# Power for long layout



## Demus (Jan 27, 2014)

I'm planning a layout around a 12x14 room and am wondering if any of you have done something similar. How much power will I need?


----------



## sstlaure (Oct 12, 2010)

DC or DCC? Multiple engines? Sound?

It all depends on what you're trying to run. I run my layout (about 16x16 - roughly 350 feet of track) on a single DC powerpack, but I can only run a single engine. I've got a nice DCC system (NCE) that I just haven't hooked up yet for when I'm ready to REALLY run some trains


----------



## DonR (Oct 18, 2012)

Your layout is only slightly larger than mine. I have a single track main, 2 large
yards and a number of spurs. My Bachmann EZ DCC controller regularly powers 5 or
six locos running at the same time. I have a buss with drops every 4 or 5 feet and
after some Peco turnouts that have power routing. If you have sound locos on DCC
you'll need more power tho.

Don


----------



## timlange3 (Jan 16, 2013)

Size and amount of track don't determine power needs, engines and accessories do. As DonR mentioned, run a bus wire of large gauge (to handle the power needs) around the railroad with short feeders (drops) fairly often as DonR states. 12 x 14 is a perimeter of 52', so half that for the maximum run of 26'. For 5A load at 12V, you should use minimum of 14g wire. Here is a web page to help calculate wire size base on load and length:
http://www.csgnetwork.com/wiresizecalc.html


----------



## gunrunnerjohn (Nov 10, 2010)

One question would be what scale are we talking about.


----------



## Demus (Jan 27, 2014)

HO. I'll only run 2 engines on a starter set DCC system from Walthers. I probably won't do sound and will power turnouts from a seperate transformer. I was just worried about the small power pack the set came with; barely bigger than a cell phone charger. I haven't messed with trains since I was a kid (30+ years ago) when the transformers were ALOT bigger!


----------



## D&J Railroad (Oct 4, 2013)

You should only need the basic command station. A layout in a 12 X 14 room is almost a medium sized layout unless you have it on a 4x8 in the middle of the room.
The power supplies of 30 years ago didn't have the state of the art technology now and needed the large metal core transformer. The power supplies today can do what the old power packs did plus more with less weight and size.


----------



## The New Guy (Mar 11, 2012)

D&J Railroad said:


> The power supplies today can do what the old power packs did plus more with less wait and size.

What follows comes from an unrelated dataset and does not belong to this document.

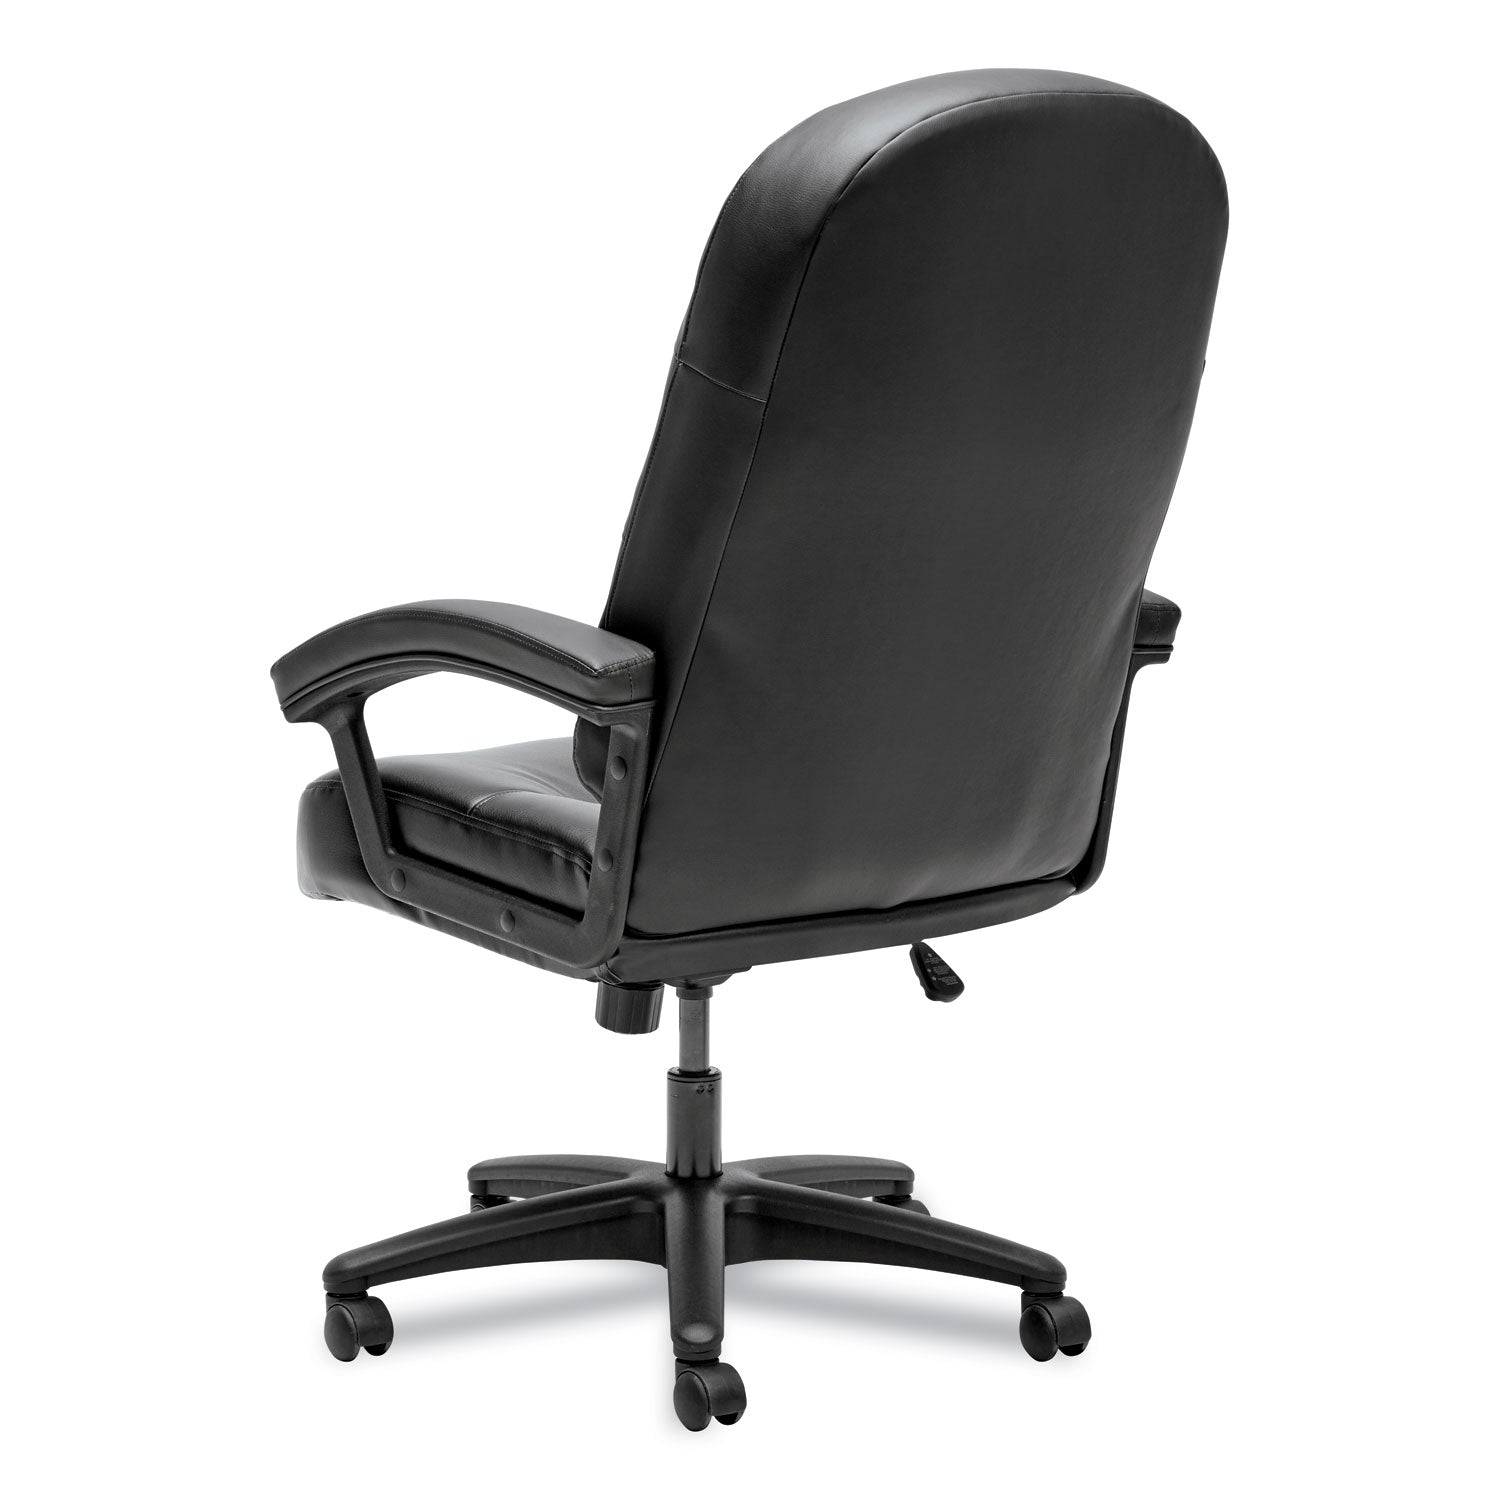 pillow-soft-2090-series-executive-high-back-swivel-tilt-chair-supports-up-to-250-lb-16-to-21-seat-height-black_hon2095hpwst11t - 5

To clarify, are you saying the electrons move faster, or the power supplies are more svelte?


----------



## D&J Railroad (Oct 4, 2013)

Yeah, not watching what I was typing. Fixed it now.


----------



## gumguy (Feb 11, 2014)

I have available a Bachman 6605 transformer with two terminal hookups one for DC for track and AC for other. (0-17 VDC and 20VAC with max output 6VA 50/60HZ) My question is can I use this transformer with Lionel Lion Chief. Any suggestions welcome.


----------



## Davidfd85 (Jul 4, 2011)

I have a 10 X 14 HO, 2 mainline around the room layout with a flood loader area, switching area and a yard. I'm using the NCE Power cab DCC system. Like has been said I ran a large bus wire ( I used 12ga) and then feeders (22ga) off that about every 3 feet or so. I can run two engines (one with sound) with no problems with power shortage at all.


----------



## Demus (Jan 27, 2014)

You guys really think every 3' is necessary? I'm running mine on a basic figure 8 right now on just the 1 power connection and it's fine...


----------



## DonR (Oct 18, 2012)

Demus said:


> You guys really think every 3' is necessary? I'm running mine on a basic figure 8 right now on just the 1 power connection and it's fine...


For most small HO DCC layouts a drop every 3 feet would be overkill.

My follow the walls main on my room size layout could be powered by 
four drops, one in each corner. However, since I use power routing
Peco turnouts, diverging rails must also have drops to avoid loss of
power when points set against the diverging track.

If you add sound locomotives you may want to increase the number
of drops if you see performance is falling.

Don


----------



## Demus (Jan 27, 2014)

Makes sense, thanks Don!


----------